- [Exercise data]:
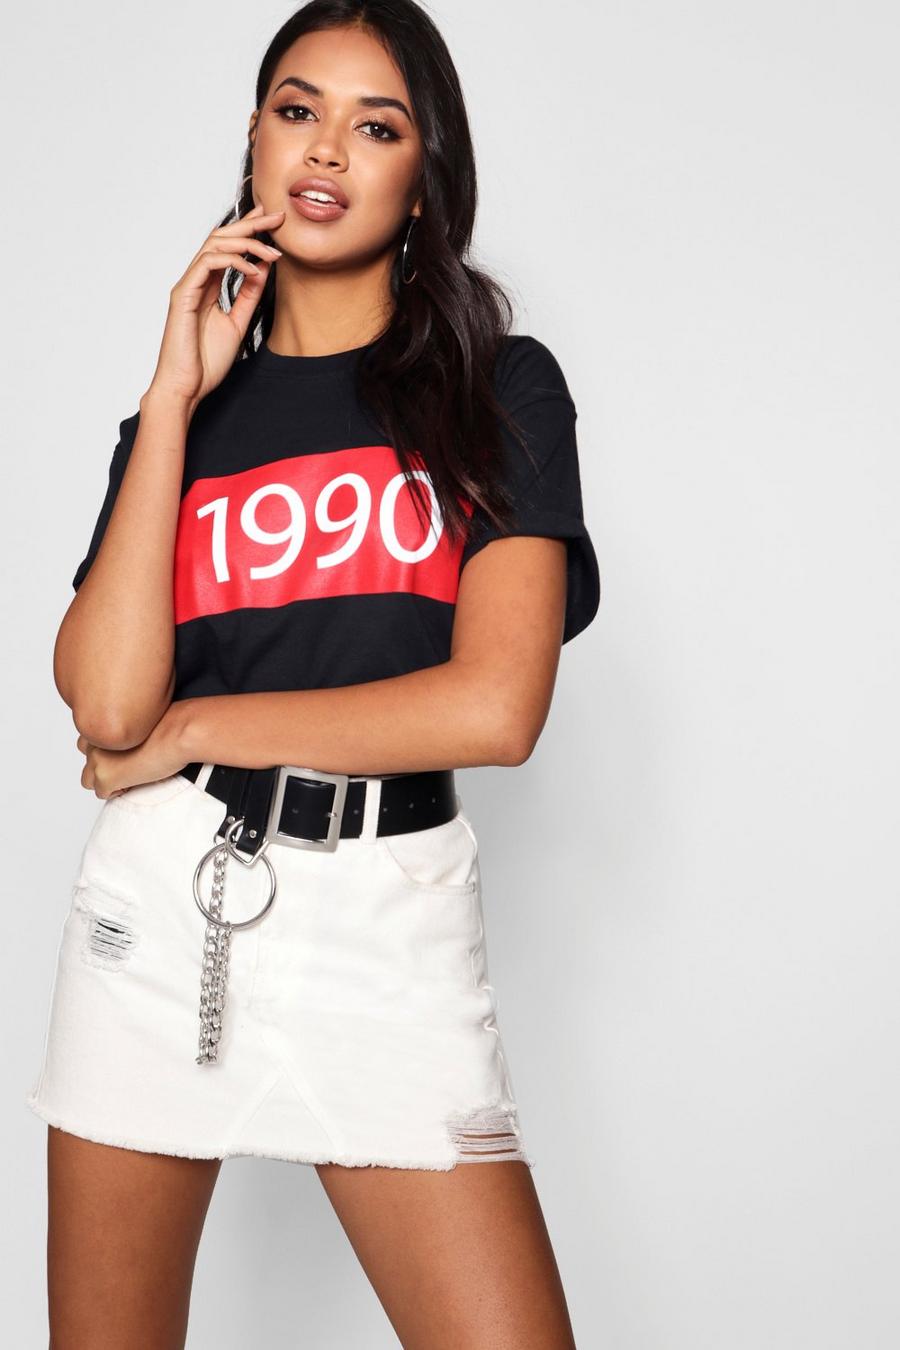 Camiseta con eslogan "1990" image number 1
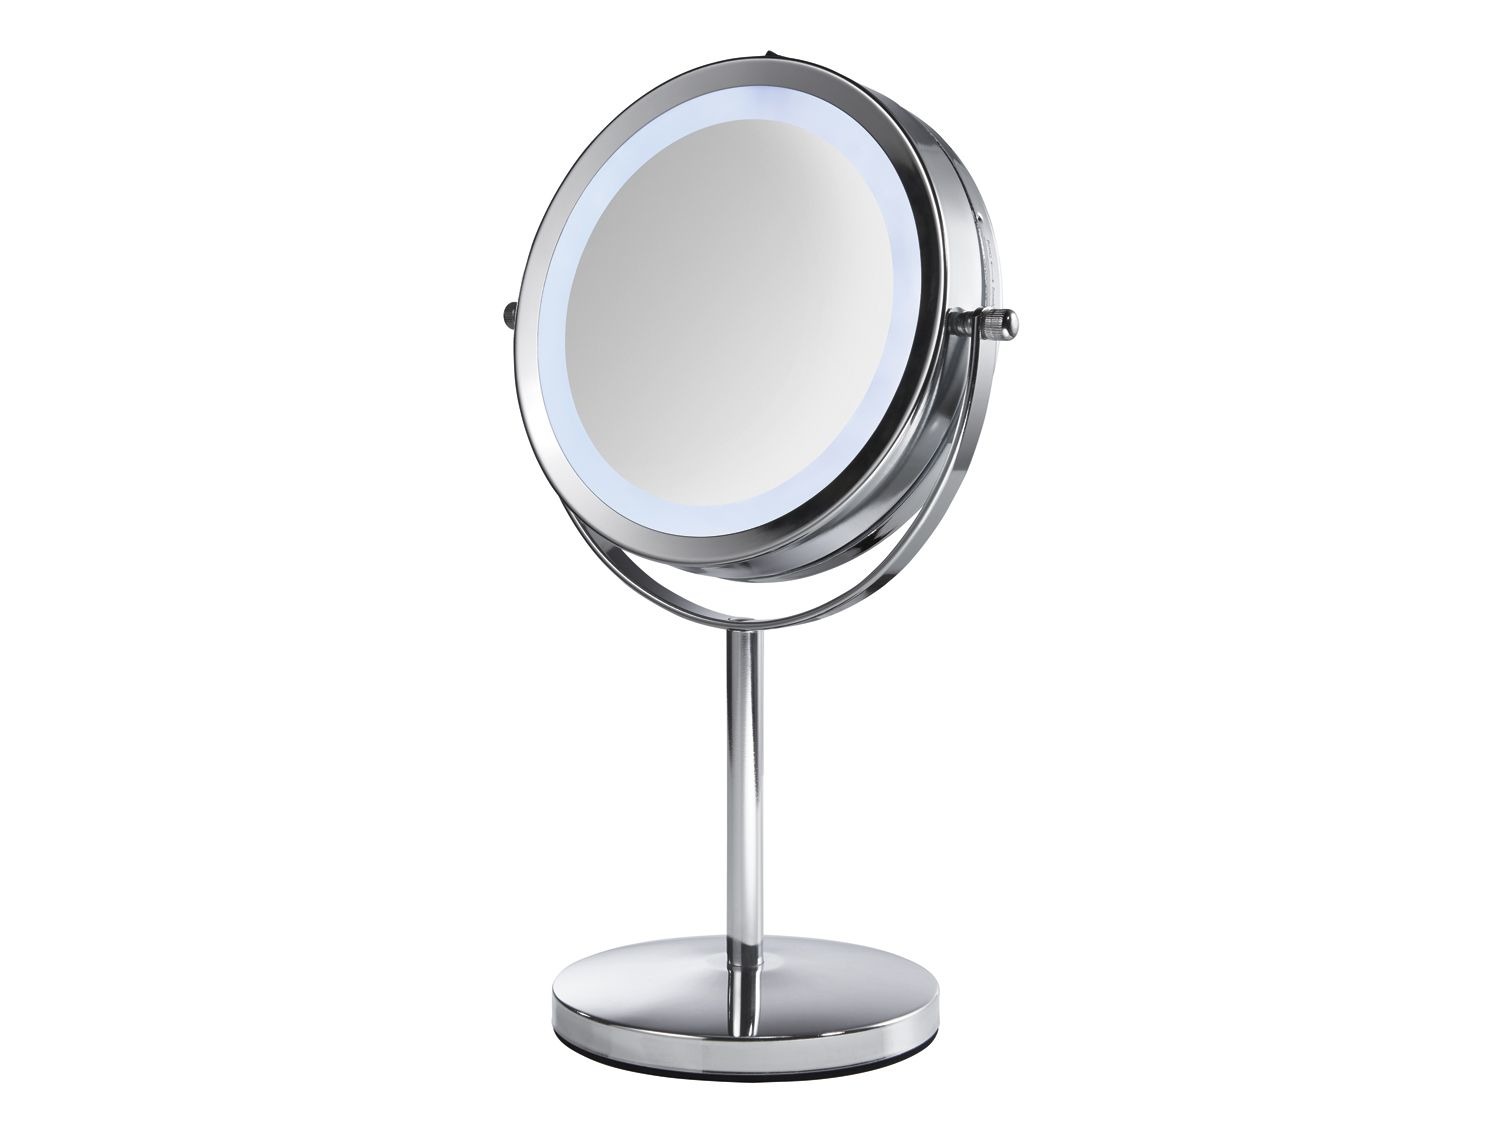 Melbourne Bakkerij talent miomare LED make-up spiegel online kopen | LIDL
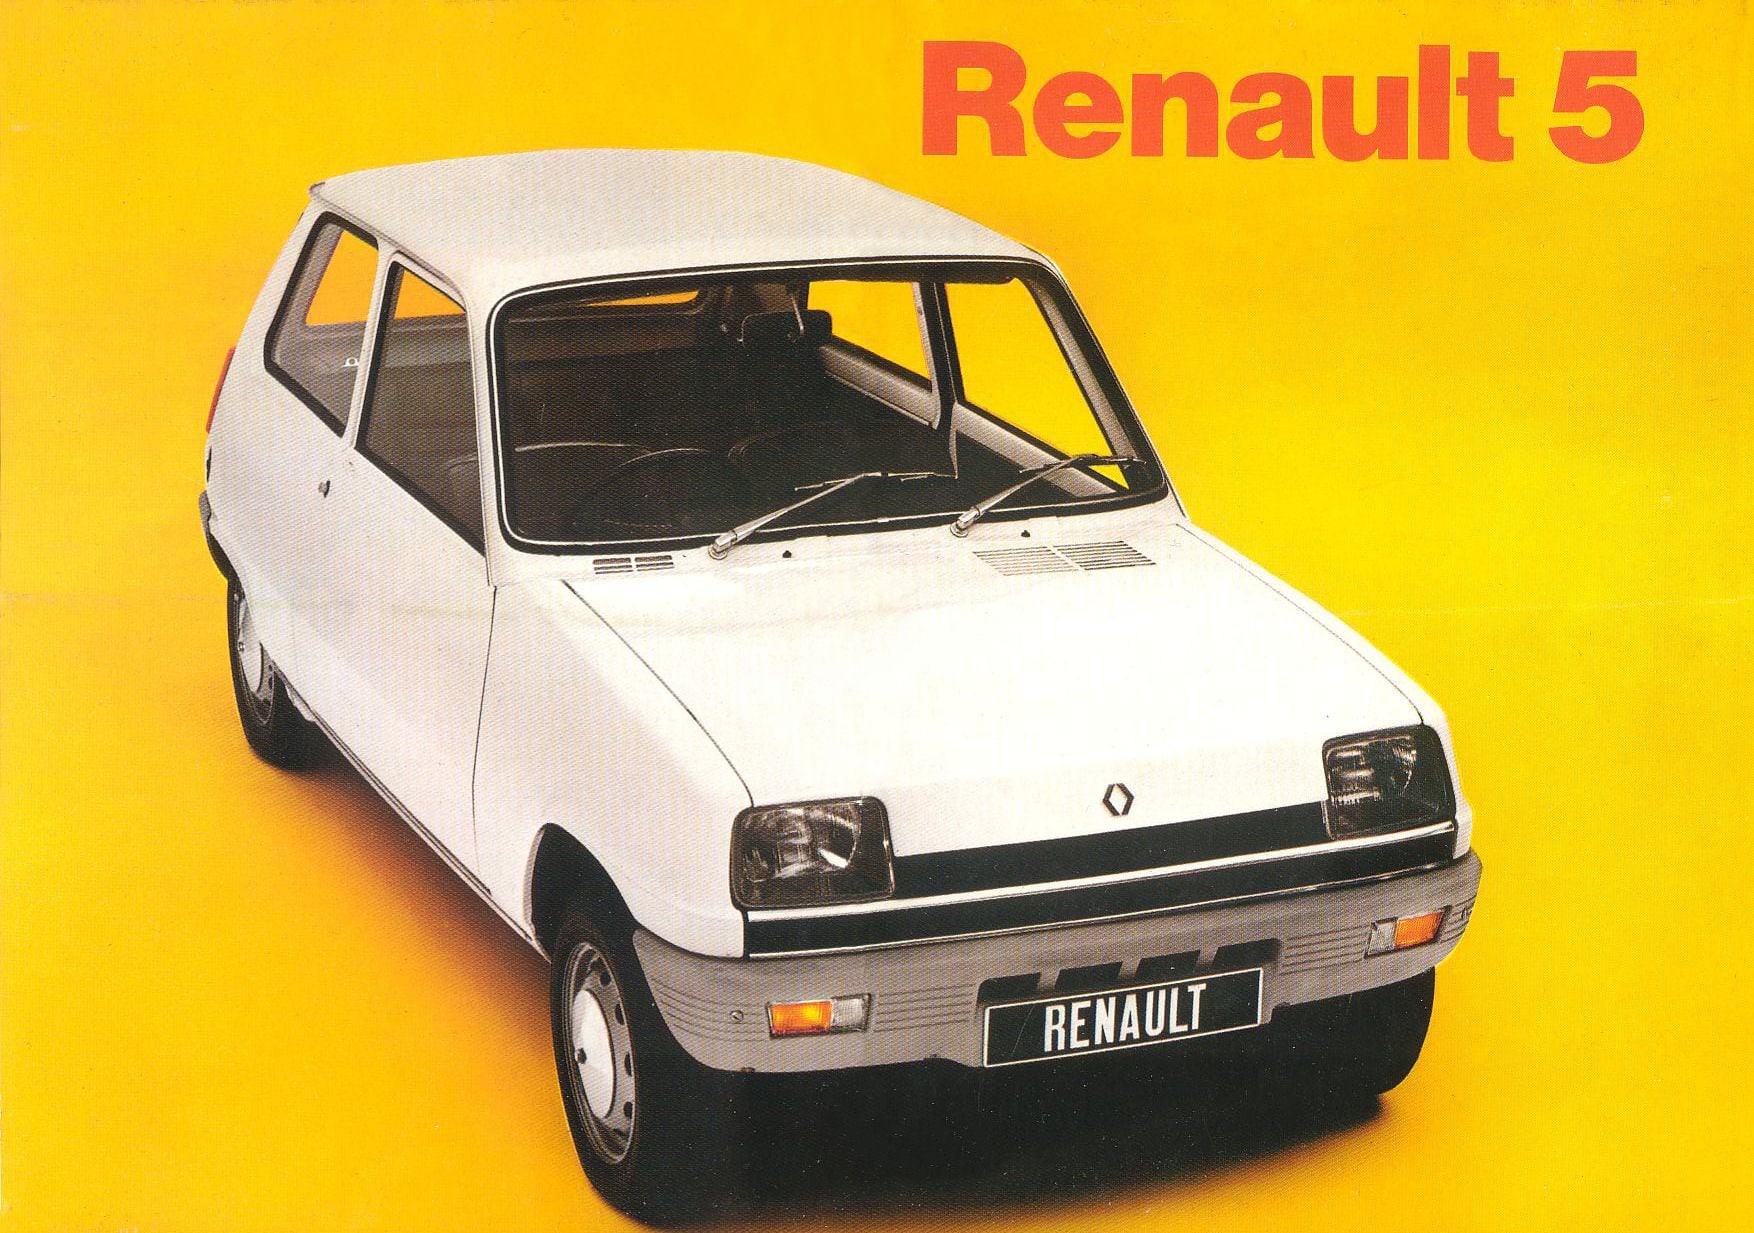 İkonik model Renault 5 yıllar sonra geri dönüyor
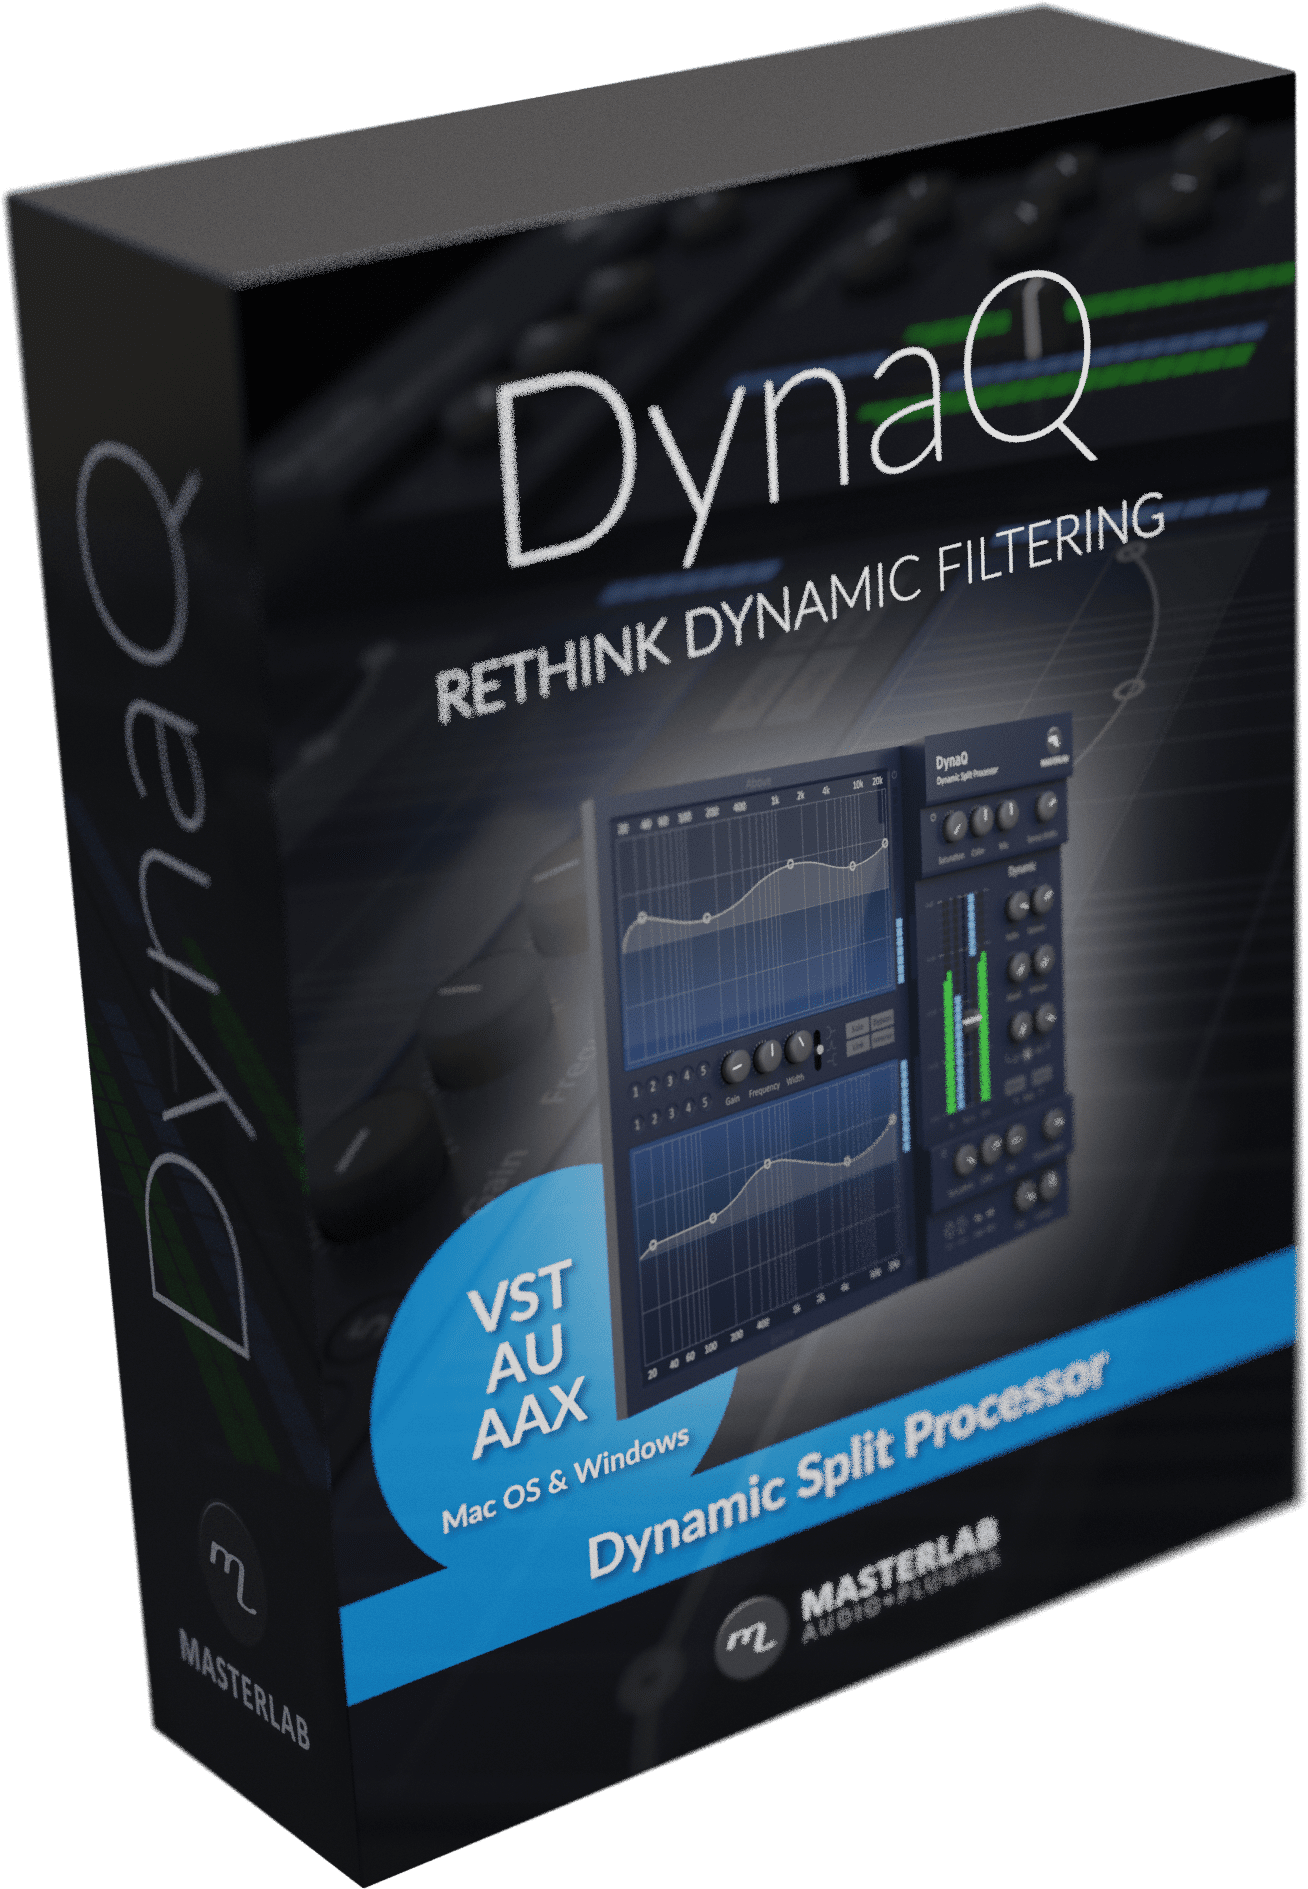 DynaQ by Masterlab Audio Includes Dynamic Split Processing

- [Work required]: Beginning with the line that contains "Melbourne Bakkerij talent" and ending with the final line of the listing, return each line exactly. Omit all pictures.

- [Your response]:
 Melbourne Bakkerij talent miomare LED make-up spiegel online kopen | LIDL
 İkonik model Renault 5 yıllar sonra geri dönüyor
 DynaQ by Masterlab Audio Includes Dynamic Split Processing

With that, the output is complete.